* YOUR GOAL
The lines you should transcribe are those from the one containing "Vue imprenable sur" to the end of the listing below, exactly, with pictures left out.

* GIVEN MATERIAL
[Start of section]

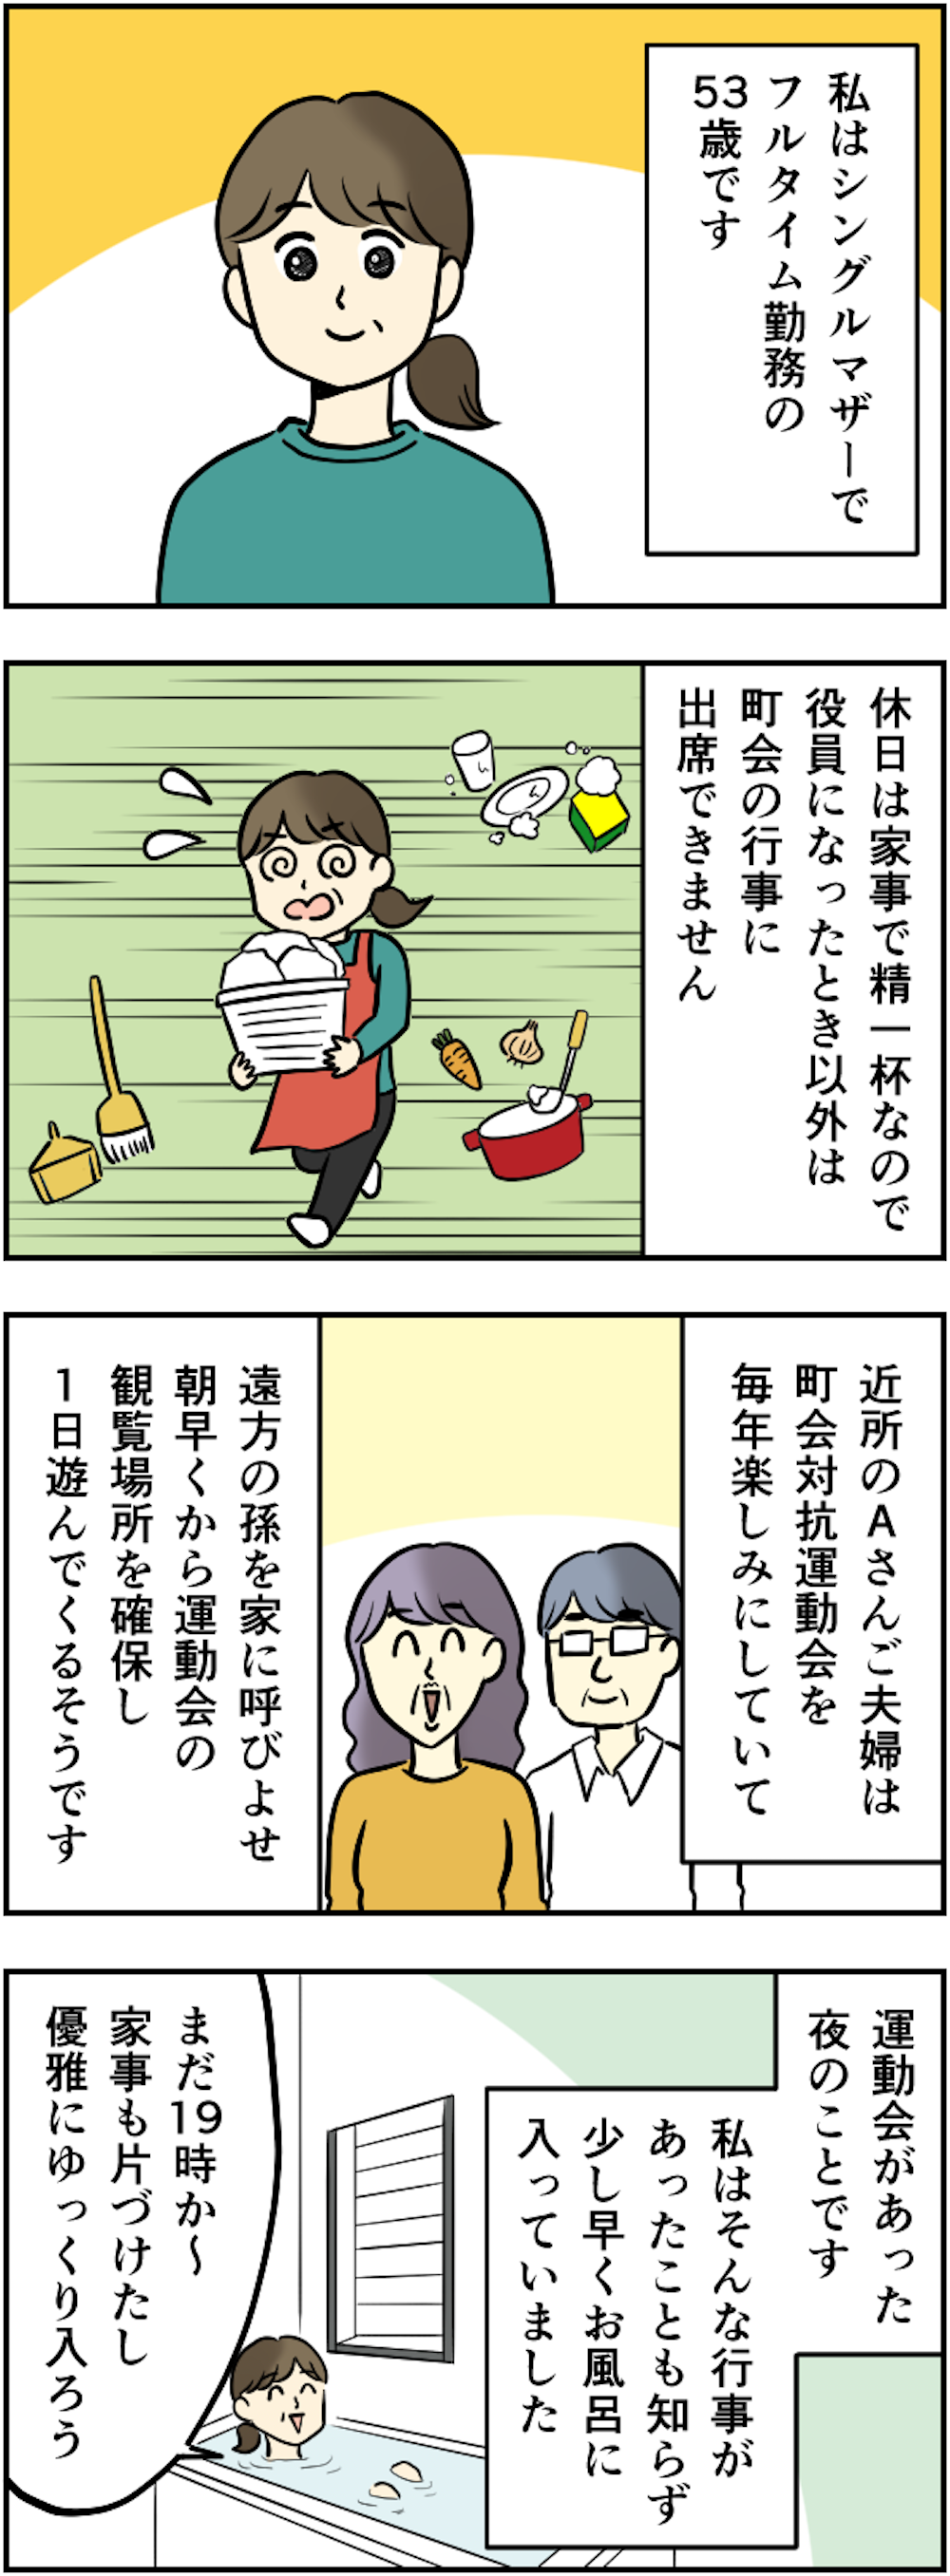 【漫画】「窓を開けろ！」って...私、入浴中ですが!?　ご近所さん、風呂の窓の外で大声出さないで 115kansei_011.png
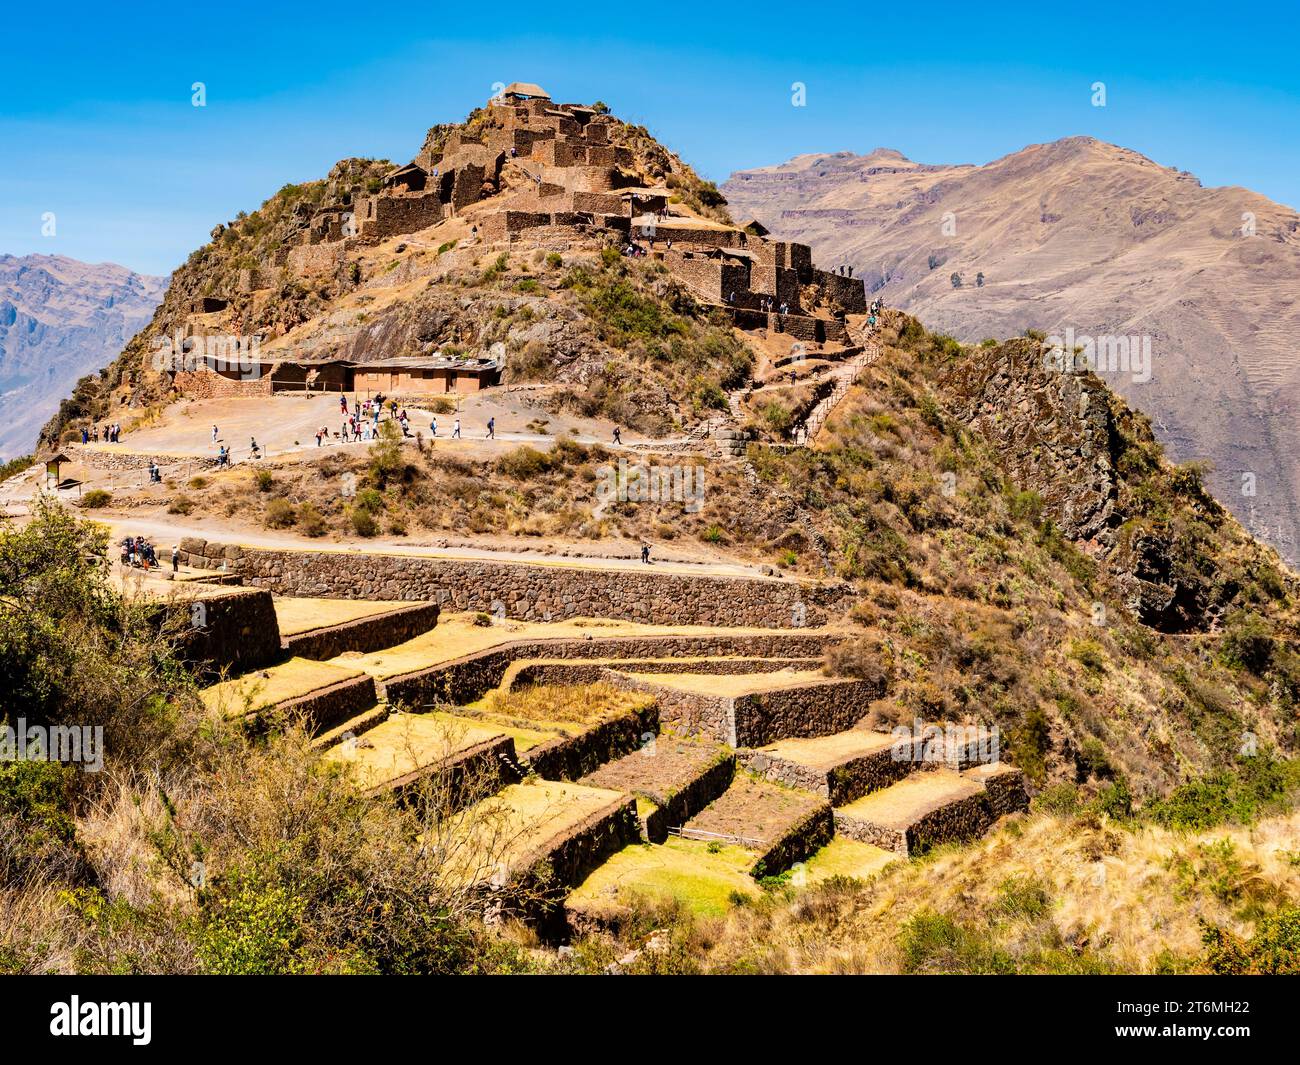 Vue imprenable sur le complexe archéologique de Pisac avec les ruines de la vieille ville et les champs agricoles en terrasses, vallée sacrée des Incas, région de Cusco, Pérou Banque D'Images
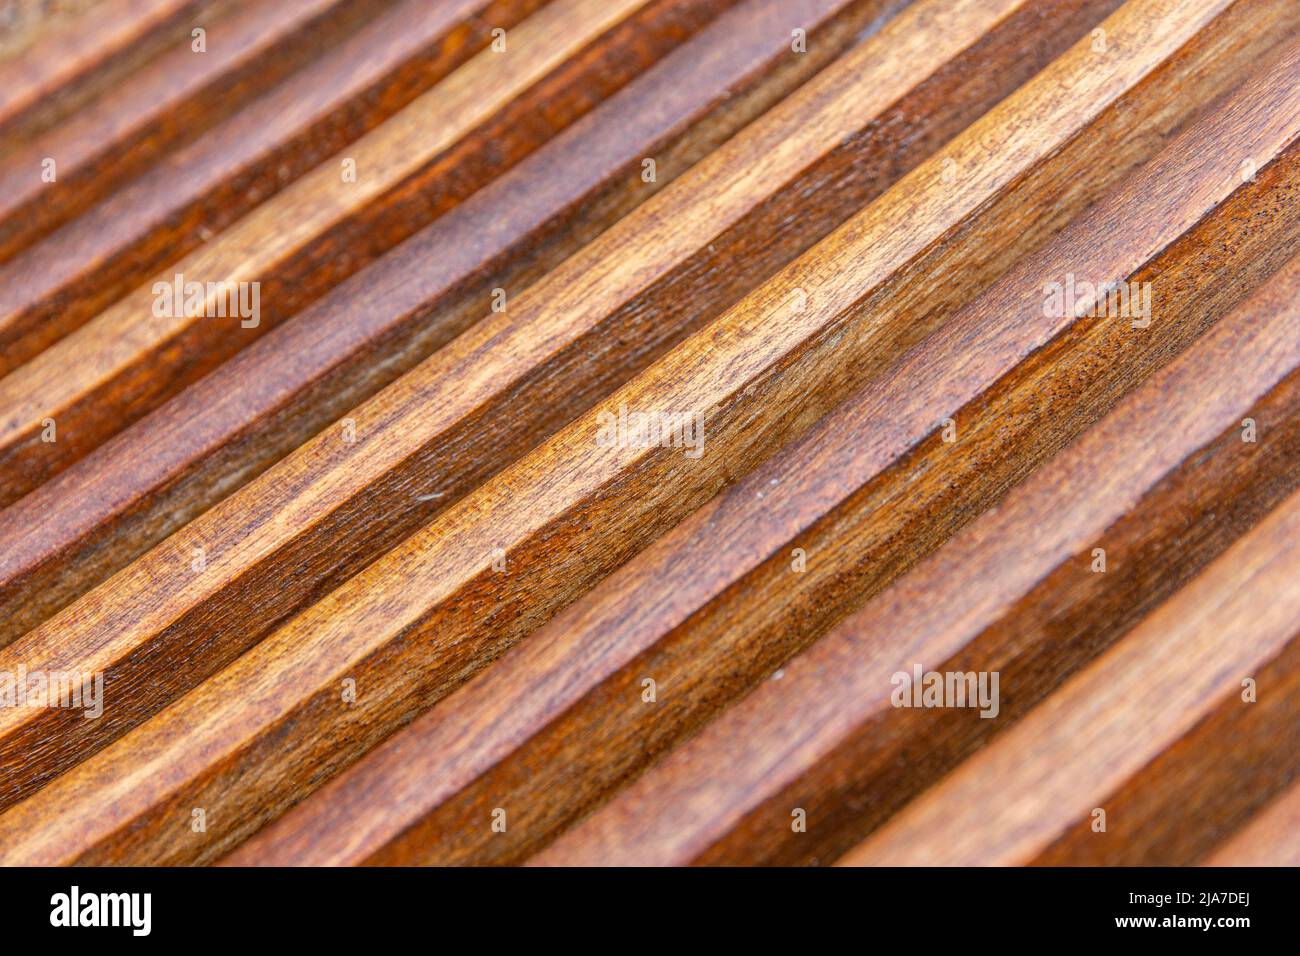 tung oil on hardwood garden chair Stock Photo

[End of section]

* FINISHED EXERCISE
 Vue imprenable sur le complexe archéologique de Pisac avec les ruines de la vieille ville et les champs agricoles en terrasses, vallée sacrée des Incas, région de Cusco, Pérou Banque D'Images
 tung oil on hardwood garden chair Stock Photo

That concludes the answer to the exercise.